Although 64 747 women developed a second primary cancer, the absolute excess risks compared with risks in the general population were small. By 20 years, 13.6% (95% confidence interval 13.5% to 13.7%) of women had developed a non-breast cancer, 2.1% (2.0% to 2.3%) more than expected in the general population, and 5.6% (5.5% to 5.6%) had developed a contralateral breast cancer, 3.1% (3.0% to 3.2%) more than expected.
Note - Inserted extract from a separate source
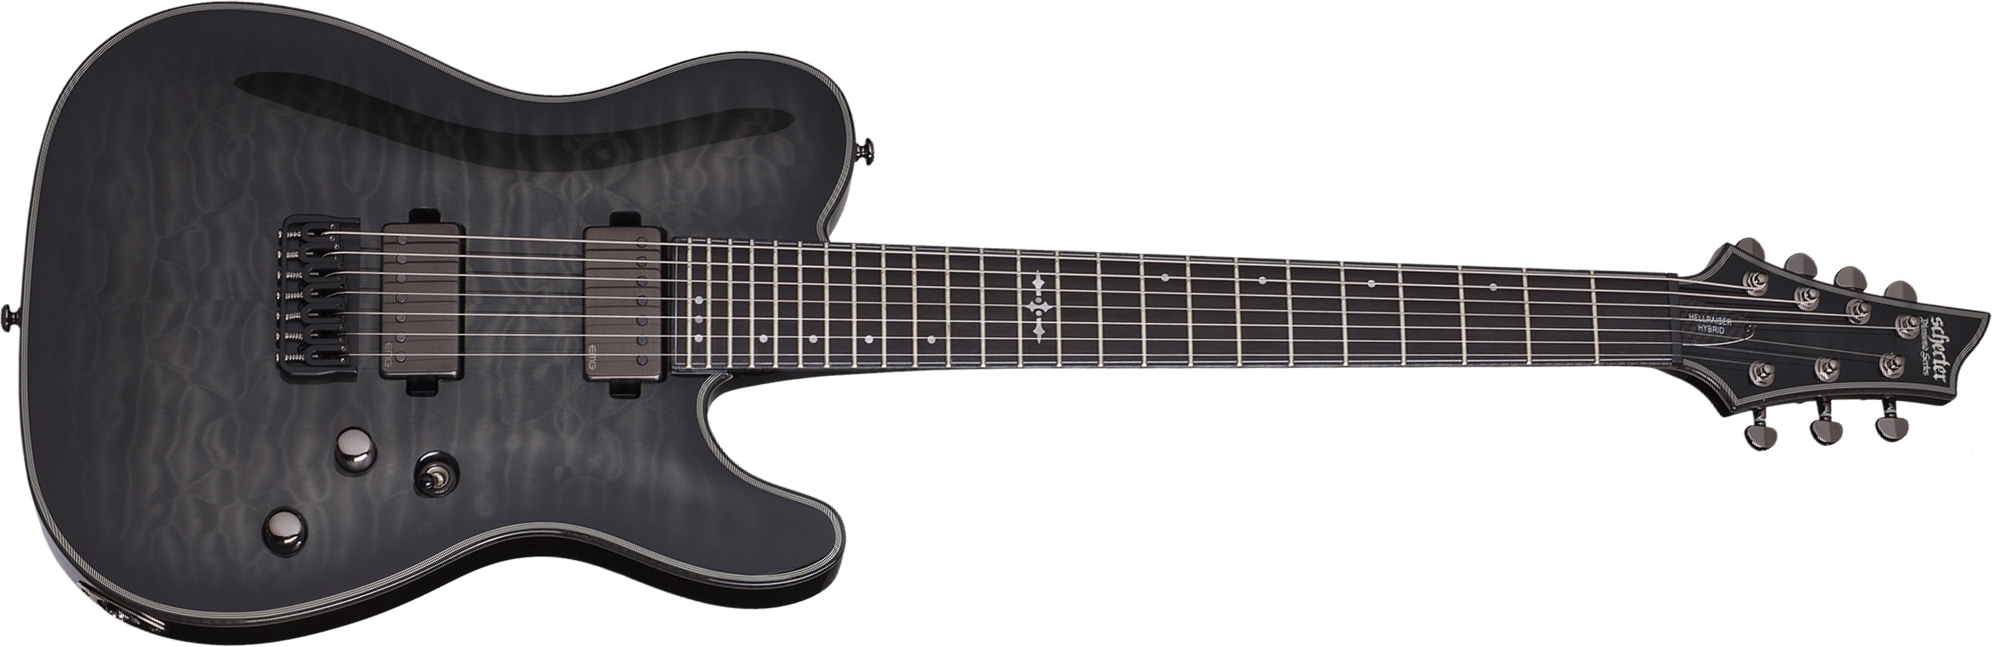 Schecter Pt-7 Hellraiser Hybrid 7c Hh Emg Ht Eb - Transp. Black Burst - 7-snarige elektrische gitaar - Main picture

The absolute excess risk of contralateral breast cancer was greater in younger than in older women. Among specific types of non-breast cancer, the largest 20 year absolute excess risks were for uterine and lung cancers. Although for cancers of the uterus, soft tissue, bones and joints, and salivary glands, as well as acute leukaemias, standardised incidence ratios exceeded those of the general population by a factor of at least 1.5, absolute excess risks at 20 years were <1% for every individual non-breast cancer type. When patients were categorised according to adjuvant treatment, radiotherapy was associated with increased contralateral breast and lung cancer, endocrine therapy with increased uterine cancer (but reduced contralateral breast cancer), and chemotherapy with increased acute leukaemia. These were consistent with effects reported in randomised trials, but positive associations for soft tissue, head and neck, ovarian, and stomach cancers were also identified, and these have not previously been observed in trials. This suggested that approximately 2% of all the 64 747 second cancers and 7% of the 15 813 excess second cancers in the cohort may be attributable to adjuvant therapies.

CONCLUSIONS

The risk of a second primary cancer in women treated for early invasive breast cancer is slightly higher than for women in the general population. Contralateral breast cancer accounts for around 60% of the overall increase, with higher risks in younger women. The risk associated with adjuvant therapies is small.

摘要

目的

描述早期浸润性乳腺癌患者初次手术后发生第二种非乳腺癌原发性癌症及对侧乳腺癌的长期风险。

设计

基于人群的观察性队列研究。

背景

从英国国家癌症登记与分析服务机构常规收集的数据。

参与者

1993年1月至2016年12月在英国登记的所有476373例以乳腺癌作为首个浸润性(索引)癌症的女性,随访至2021年10月。

主要观察指标

后续原发性癌症的发生率和累积风险,与一般人群中发生的情况相比较;与患者特征、索引肿瘤及辅助治疗的关联。

结果

尽管64747名女性发生了第二种原发性癌症,但与一般人群的风险相比,绝对超额风险较小。到20年时,13.6%(95%置信区间13.5%至13.7%)的女性发生了非乳腺癌,比一般人群预期的多2.1%(2.0%至2.3%),5.6%(5.5%至5.6%)的女性发生了对侧乳腺癌,比一般人群预期的多3.1%(3.0%至3.2%)。对侧乳腺癌的绝对超额风险在年轻女性中高于老年女性。在特定类型的非乳腺癌中,20年的最大绝对超额风险是子宫癌和肺癌。尽管子宫癌、软组织癌、骨与关节癌、唾液腺癌以及急性白血病的标准化发病比超过一般人群至少1.5倍,但每种非乳腺癌类型在20年时的绝对超额风险<1%。当根据辅助治疗对患者进行分类时,放疗与对侧乳腺癌和肺癌风险增加相关,内分泌治疗与子宫癌风险增加相关(但对侧乳腺癌风险降低),化疗与急性白血病风险增加相关。这些与随机试验中报告的效应一致,但也发现软组织癌、头颈癌、卵巢癌和胃癌存在正相关,而这些在试验中此前未被观察到。这表明该队列中所有64747例第二种癌症中的约2%以及15813例额外第二种癌症中的7%可能归因于辅助治疗。

结论

早期浸润性乳腺癌治疗女性发生第二种原发性癌症的风险略高于一般人群中的女性。对侧乳腺癌约占总体增加风险的60%,年轻女性风险更高。与辅助治疗相关的风险较小。